BEGIN STORED DATA

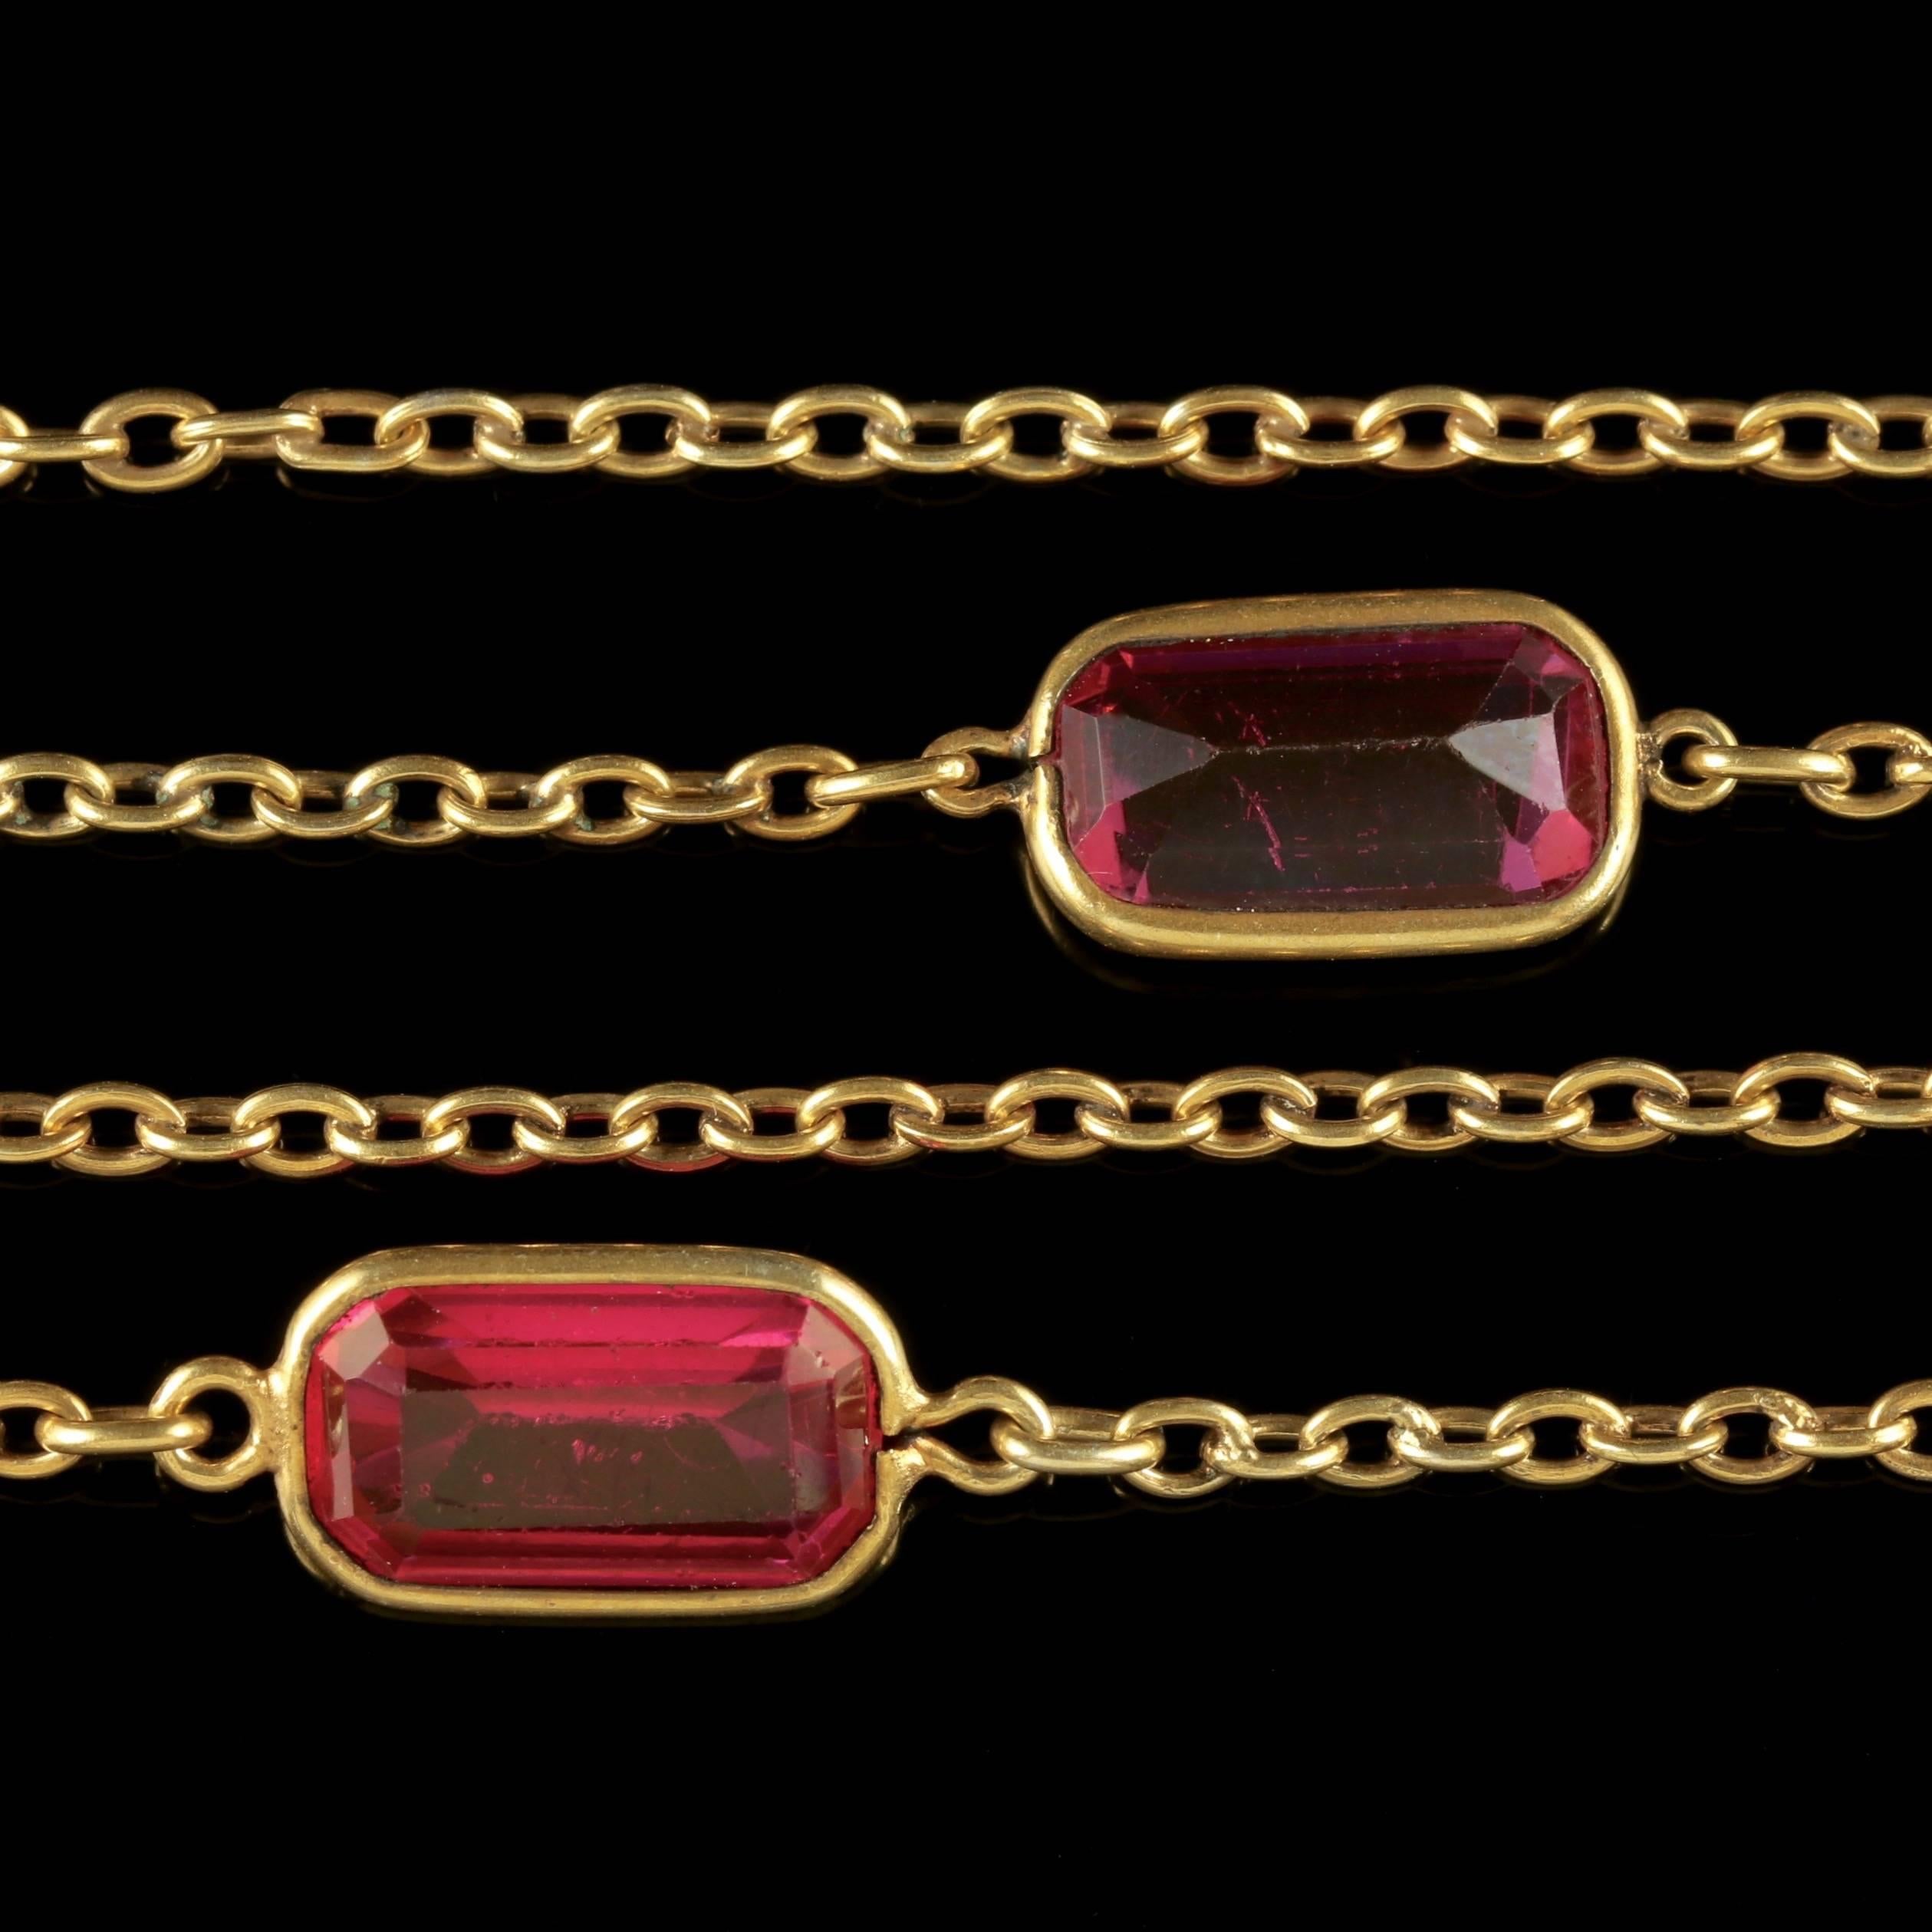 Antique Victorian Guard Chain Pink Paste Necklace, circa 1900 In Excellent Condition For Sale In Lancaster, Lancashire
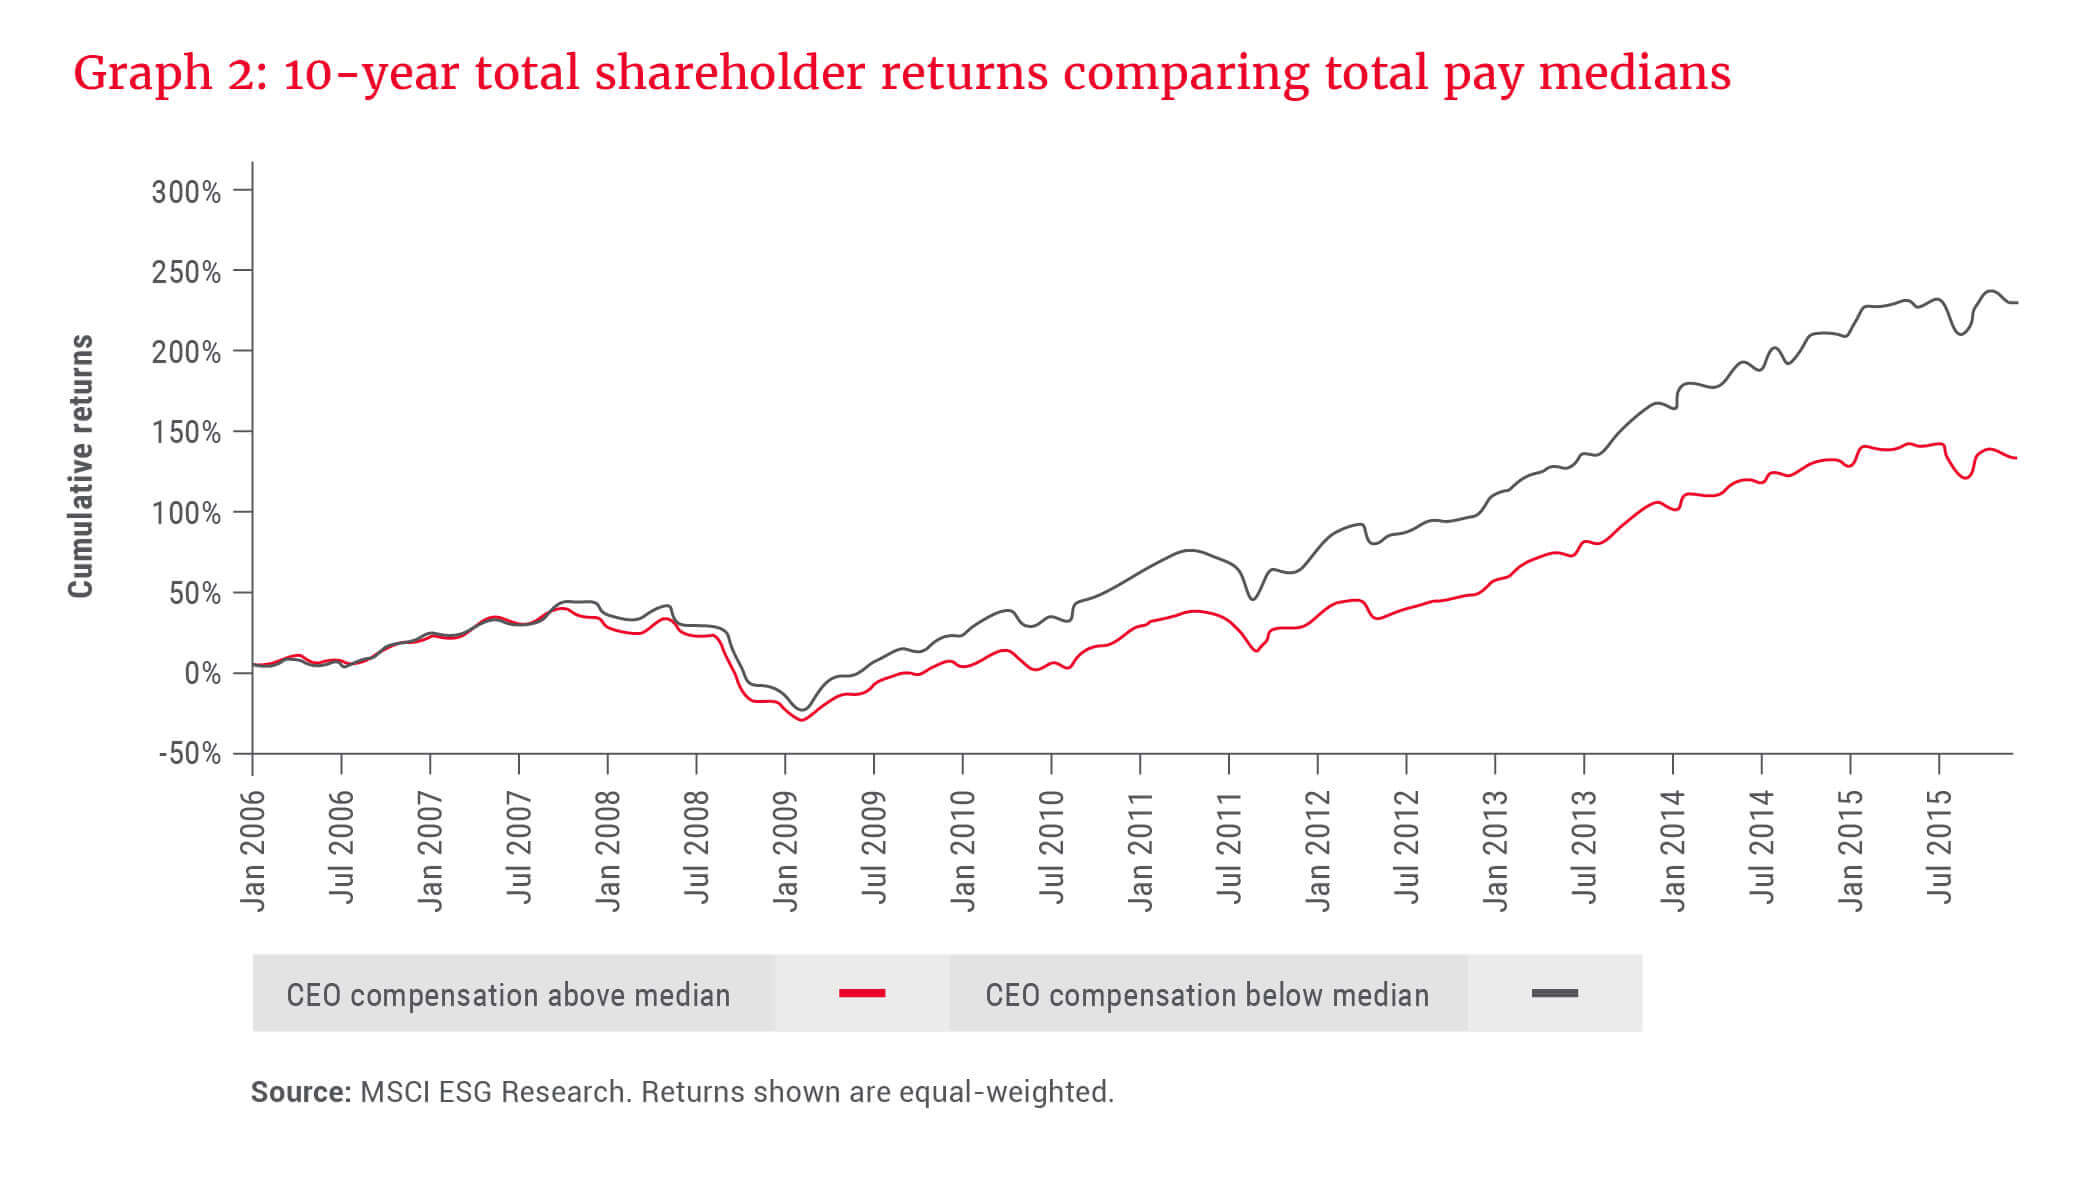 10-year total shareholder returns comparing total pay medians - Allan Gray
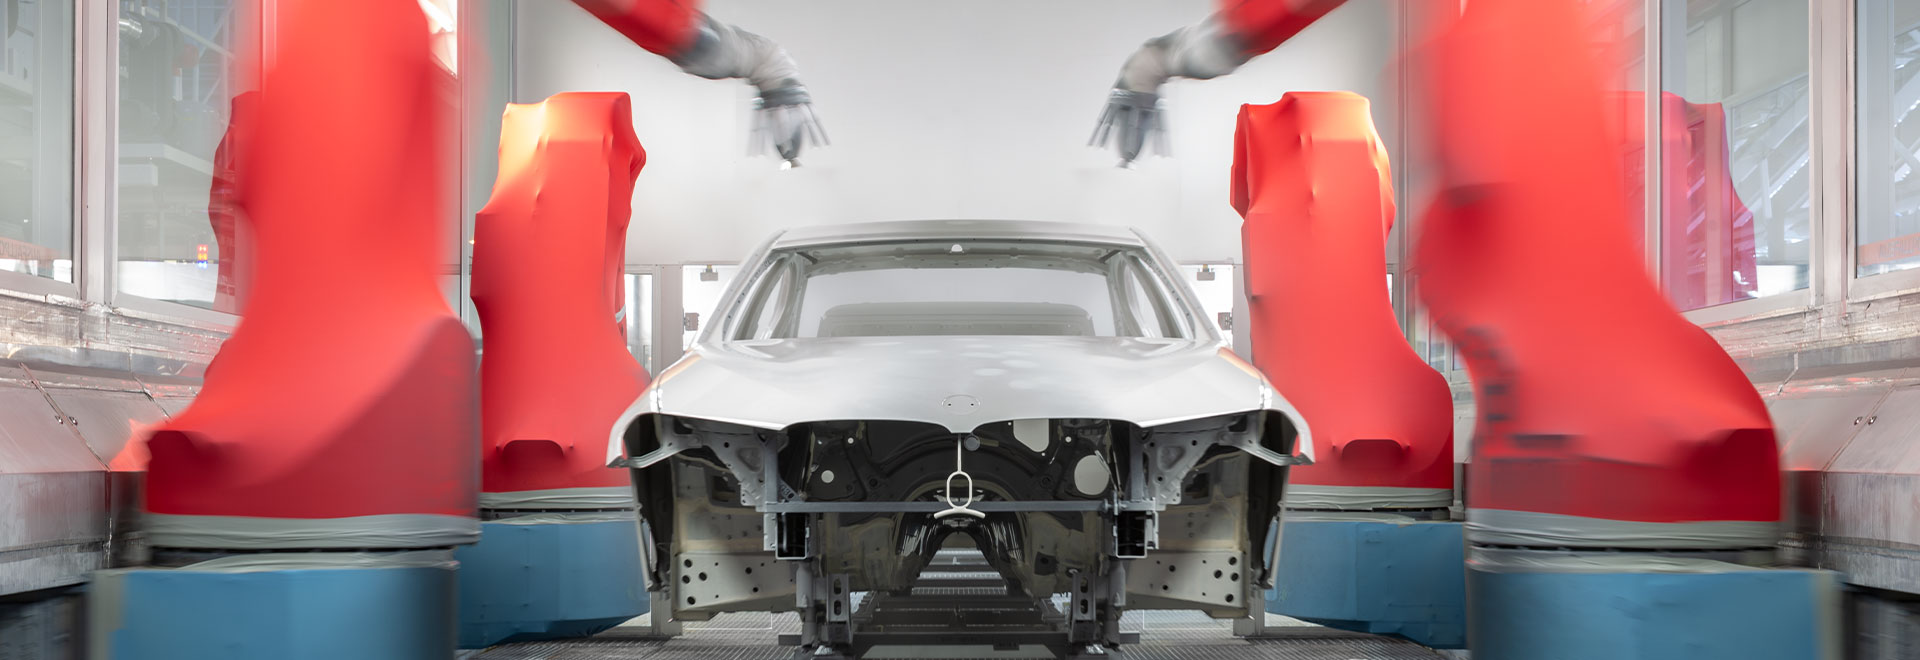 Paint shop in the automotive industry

END STORED DATA

◆ WHAT IS NEEDED
All of the data above must be printed exactly, minus its pictures.

◆ WRITTEN REPLY
 Antique Victorian Guard Chain Pink Paste Necklace, circa 1900 In Excellent Condition For Sale In Lancaster, Lancashire
 10-year total shareholder returns comparing total pay medians - Allan Gray
 Paint shop in the automotive industry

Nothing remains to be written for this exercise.